En 1949, Welles nomme une nouvelle espèce d’Elasmosaurus, E. morgani. Il doit son nom à un squelette bien conservé trouvé dans le comté de Dallas, au Texas[62]. Cependant, une partie du spécimen a été accidentellement jetée lors du déménagement des collections paléontologiques de l'université méthodiste du Sud[63]. Welles reconnait la similitude d’E. morgani avec E. platyurus dans sa ceinture scapulaire, mais le maintient comme une espèce distincte en raison de son cou plus court et de ses vertèbres cervicales arrière plus robustes[62]. En 1997, Carpenter reconsidère les différences entre les deux espèces et les trouve suffisantes pour placer E. morgani dans son propre genre, qu'il nomme Libonectes (en)[64]. Malgré sa réaffectation et la perte de son matériel, L. morgani est souvent considéré comme un archétype des élasmosauridés. Les données basées sur ces éléments perdus ont été incontestablement acceptées dans les analyses phylogénétiques ultérieures, jusqu'à ce qu'une redescription des éléments retrouvés soit publiée par Sachs et Benjamin Kear en 2015[63].
Persson attribué une autre espèce à Elasmosaurus à côté de sa description des restes suédois d’'E' helmerseni, à savoir E. (?) gigas. Le taxon était basé sur Pliosaurus (?) gigas de Schröder, nommé en 1885 à partir de deux vertèbres dorsales ; l'un ayant été trouvé en Prusse, l'autre en Scanie. Bien qu'ils soient incomplets, Persson reconnait que leurs proportions et la forme de leurs extrémités articulaires différent grandement de celles des pliosauroïdes et s'accordent plutôt bien avec les élasmosauridés. Étant donné qu'au moment où Persson écrivait, « il n'y avait rien qui contredise le fait qu'ils soient les plus proches d’Elasmosaurus », il les assigne à ce dernier avec hésitation. Un certain Theodor Wagner avait déjà attribué ce taxon proposé à Plesiosaurus en 1914[47]. Depuis 2013, cette attribution douteuse reste inchangée[65]. Une autre espèce de Russie, E. antiquus, est nommée par Dubeikovskii et Ochev en 1967[51] de la carrière de phosphorite de Kamsko-Vyatsky, mais Pervushov et ses collègues en 1999, suivis par Storrs et ses collègues en 2000, le réinterprètent comme un élasmosauridé indéterminé[50],[51].
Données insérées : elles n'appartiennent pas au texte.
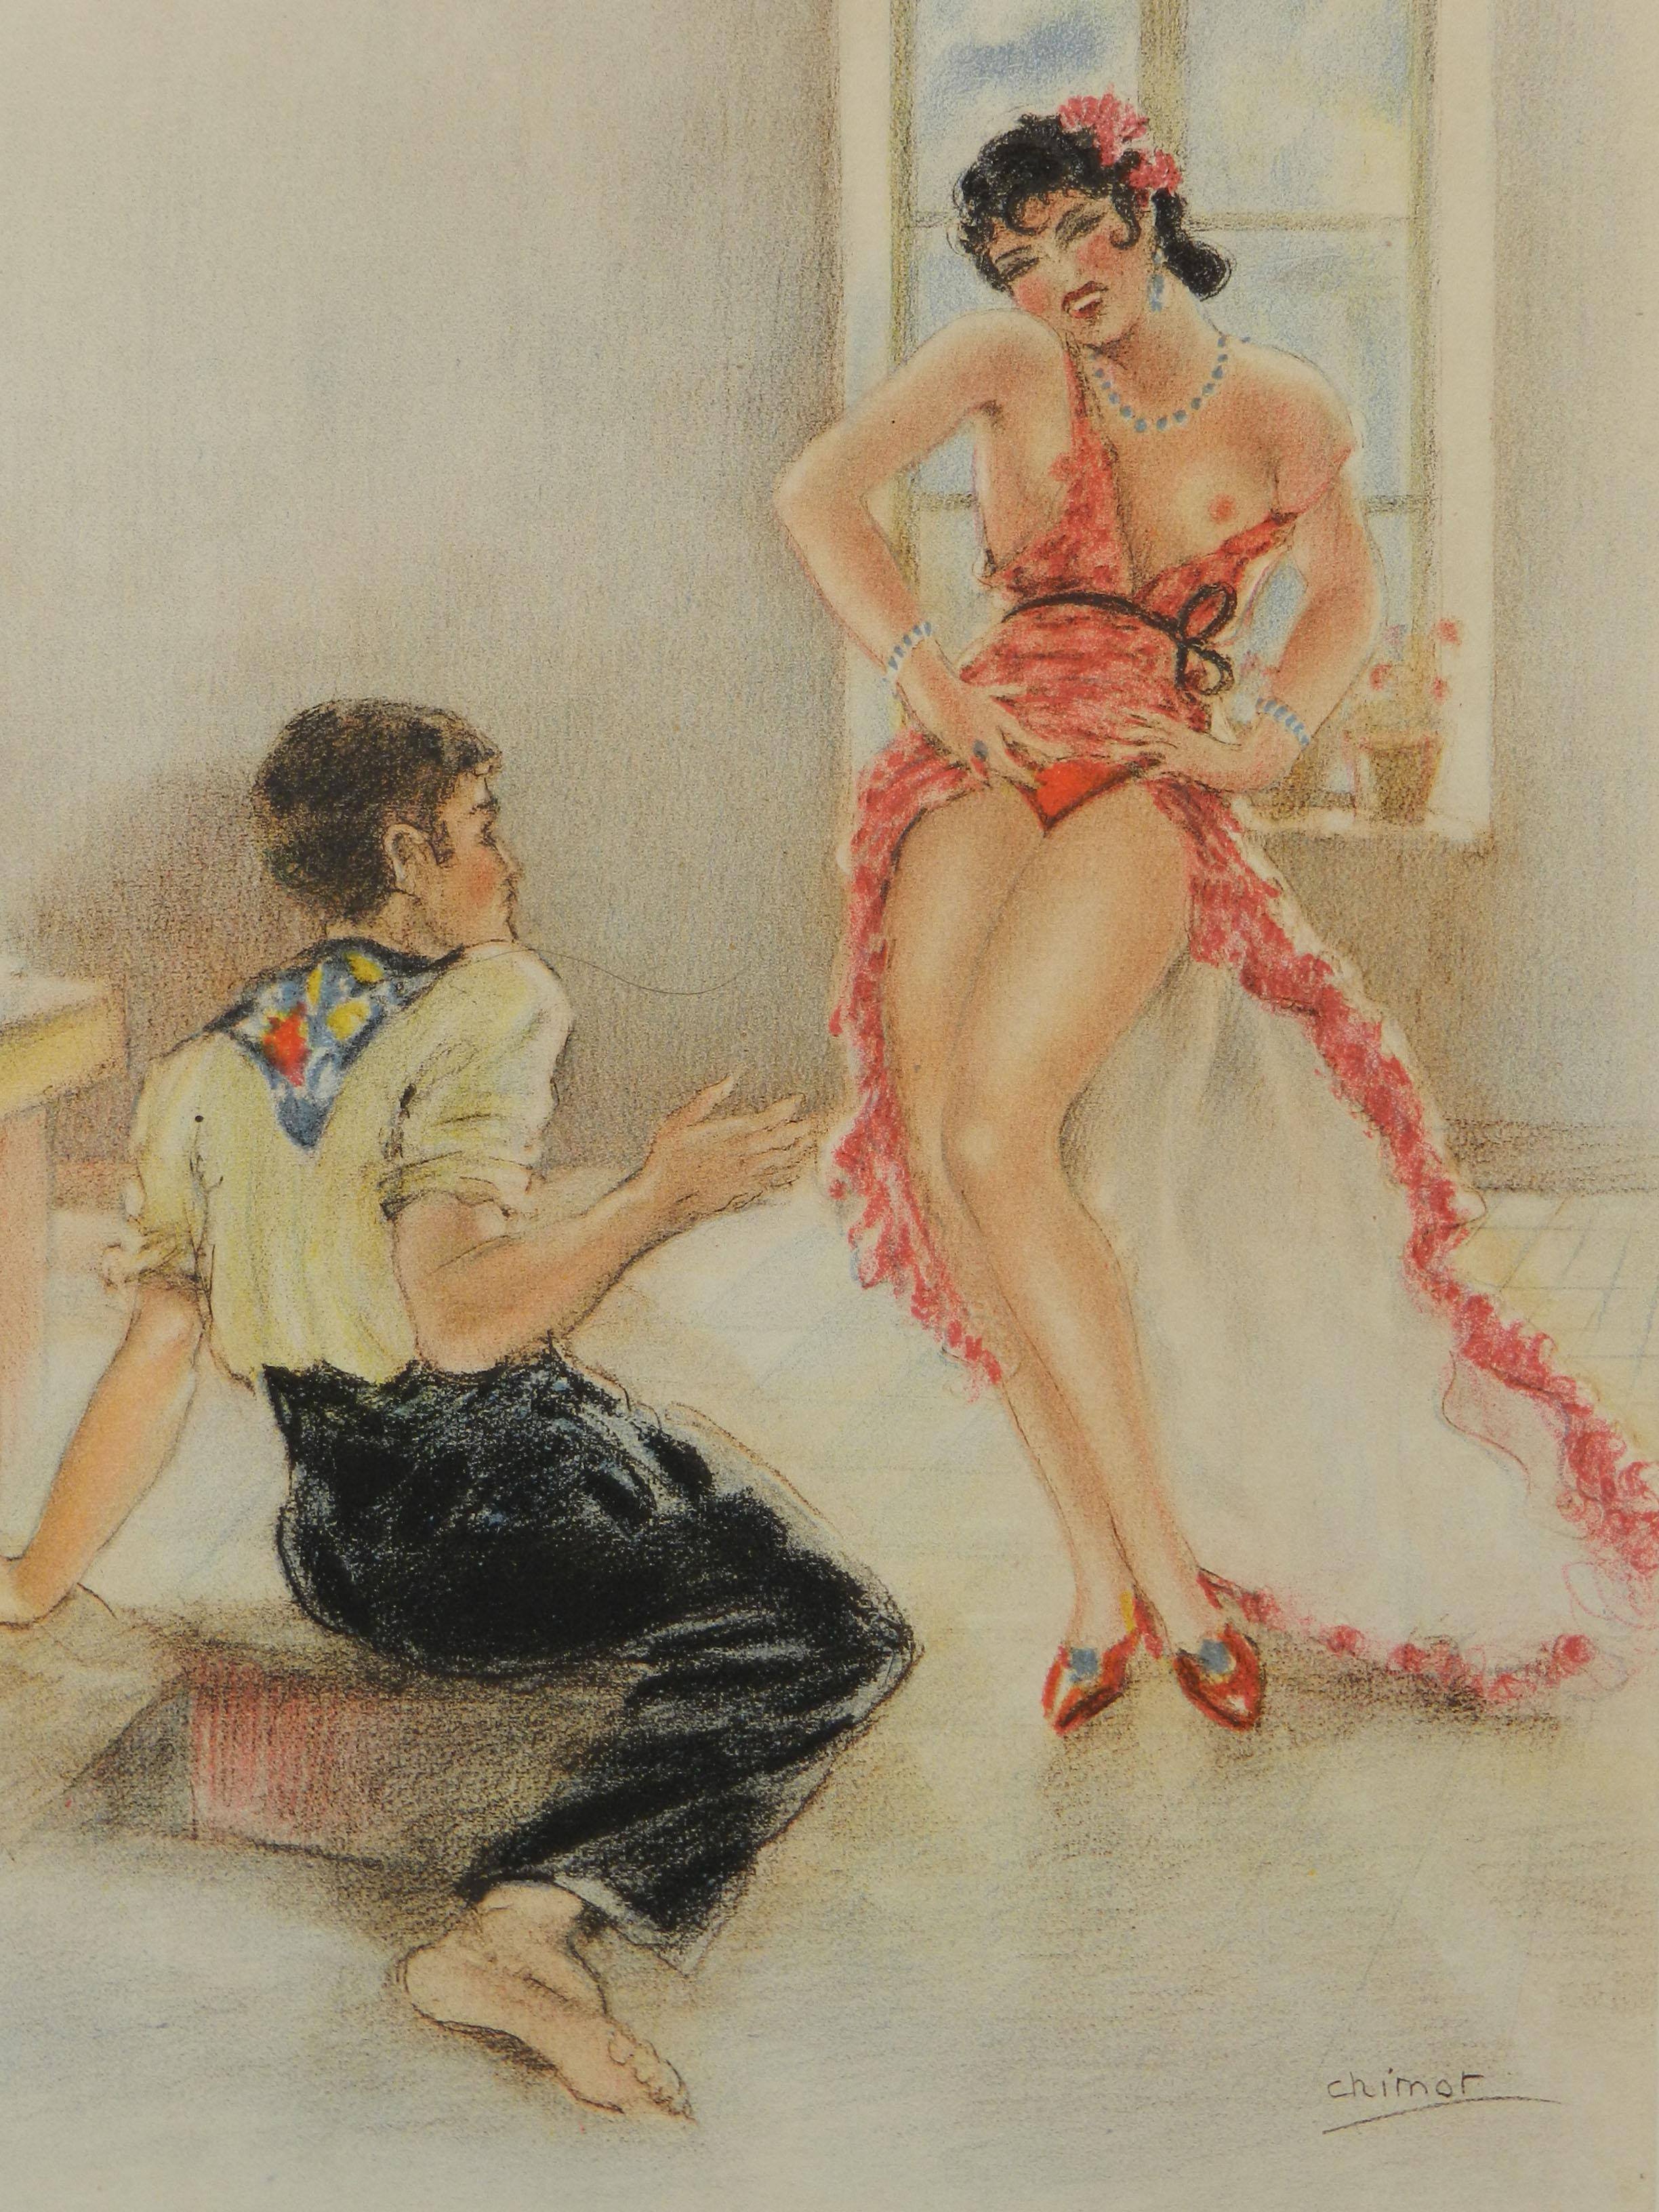 Spanisches Paar von Edward Chimot, nudefarbener Lithographie, um 1946

Bien que Cope reconnait initialement Elasmosaurus comme un plésiosaure, dans un article de 1869, il le plaça, avec Cimoliasaurus et Crymocetus (en), dans un nouvel ordre de reptiles sauroptérygiens. Il nomme le groupe Streptosauria, ou « lézards inversés », en raison de l'orientation de leurs vertèbres individuelles censée être inversée par rapport à ce qui est observées chez d'autres animaux vertébrés[13],[66]. Il abandonne par la suite cette idée dans sa description d’Elasmosaurus la même année, où il déclare qu'il l'avait basée sur l'interprétation erronée de Leidy de Cimoliasaurus. Dans cet article, il nomme également la nouvelle famille des Elasmosauridae, contenant Elasmosaurus et Cimoliasaurus, sans commentaire. Au sein de cette famille, il considère que le premier se distingue par un cou plus long avec des vertèbres comprimées, et le second par un cou plus court avec des vertèbres carrées et déprimées[7].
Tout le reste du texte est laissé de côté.